Substitute the values of ${{x}^{2\text{ }}}\text{and }{{x}^{4}}$ into the equation ${{x}^{4}}-8{{x}^{2}}-9=0$ as follows:
$\begin{align}
& {{x}^{4}}-8{{x}^{2}}-9=0 \\
& {{u}^{2}}-8u-9=0
\end{align}$
Factor ${{u}^{2}}-8u-9=0$,
$\begin{align}
& {{u}^{2}}-8u-9=0 \\
& \left( u-9 \right)\left( u+1 \right)=0
\end{align}$
Thus,
$\text{ }u=9\text{ or }u=-1$
Now, this is incomplete because the solution is being carried out for x and not u.

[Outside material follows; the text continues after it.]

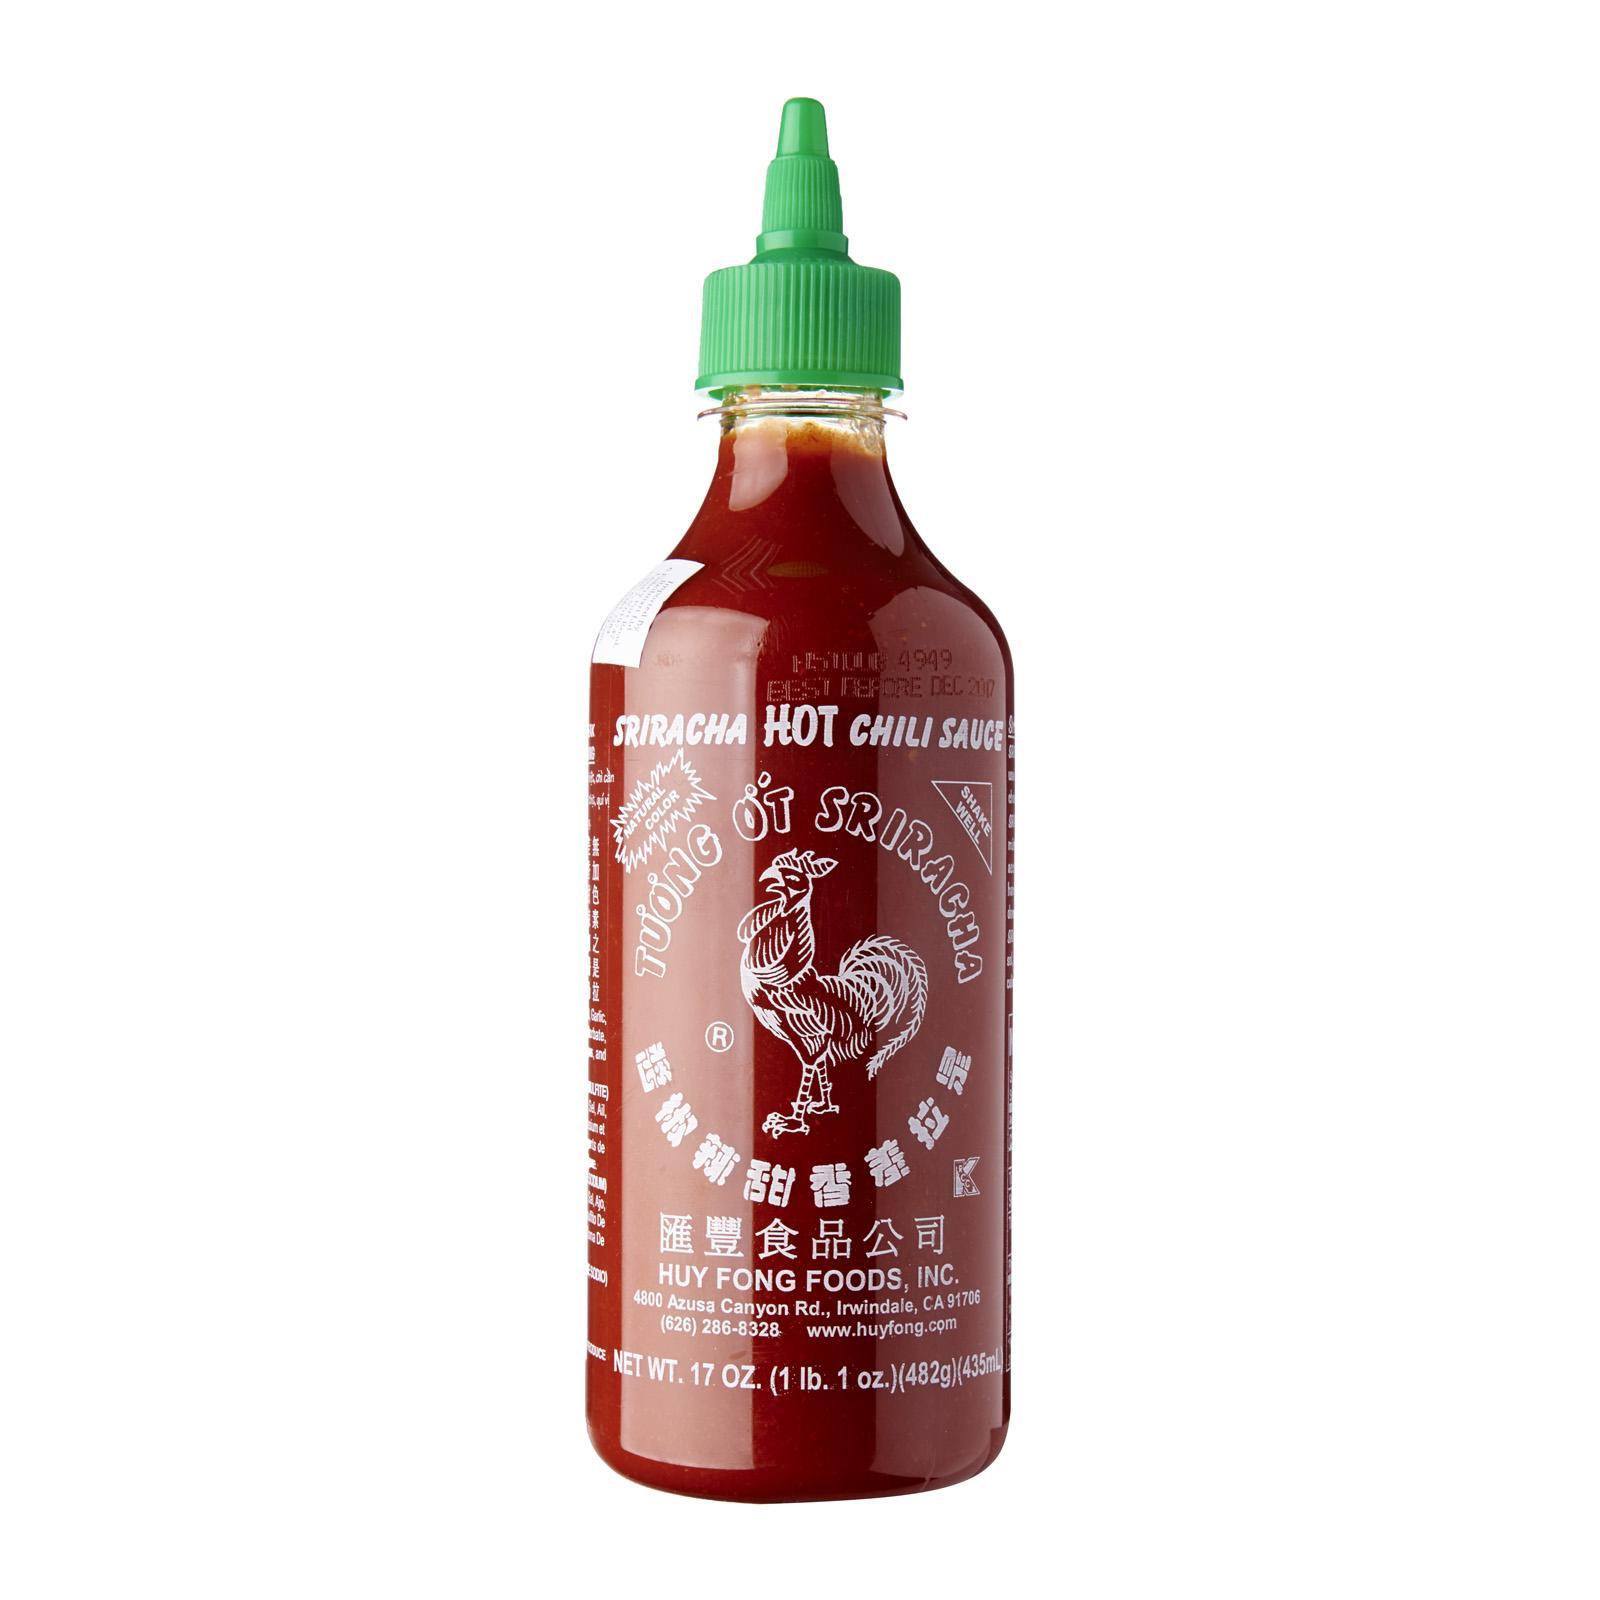 Huy Fong Sriracha Hot Chili Sauce Aka Rooster Sauce (chili Sauce) By Redmart.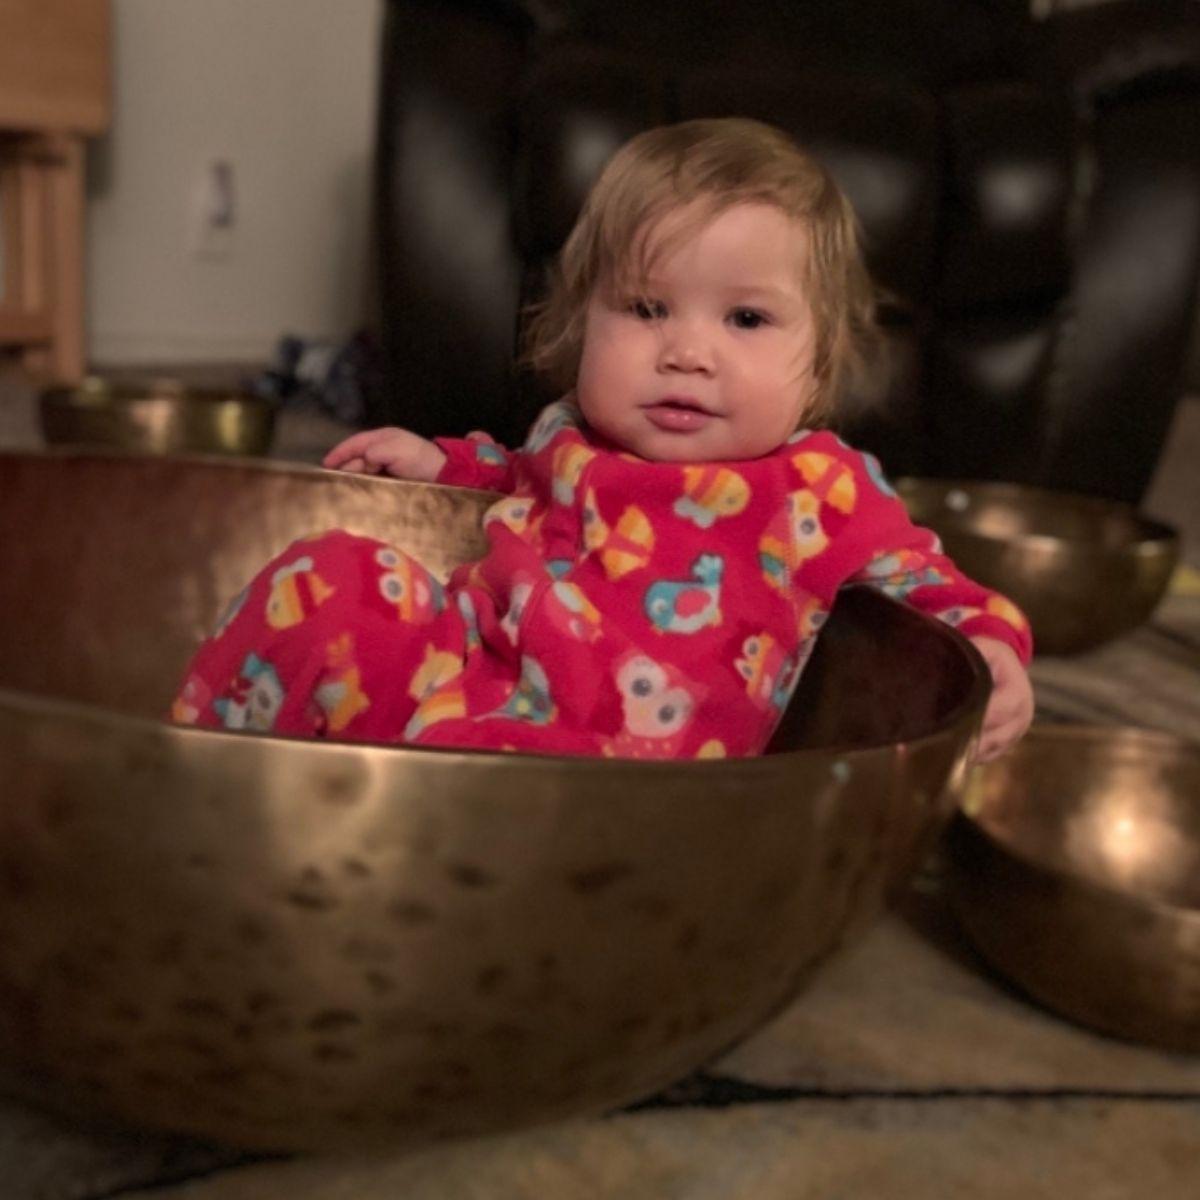 Baby wearing colorful pjs laying in a large healing singing bowl

Now replace $u$ with ${{x}^{2}}$.
$\begin{align}
& \text{ }u=9\text{ or }u=-1 \\
& {{x}^{2}}\text{= 9 or }{{x}^{2}}=-1 \\
& x=\pm 3\text{ square can }\!\!'\!\!\text{ t be negative,no solution}\text{. } \\
\end{align}$
Thus, the final solution is $x=\pm \text{ }3$ and not $\text{ }u=9\text{ or }u=-1$.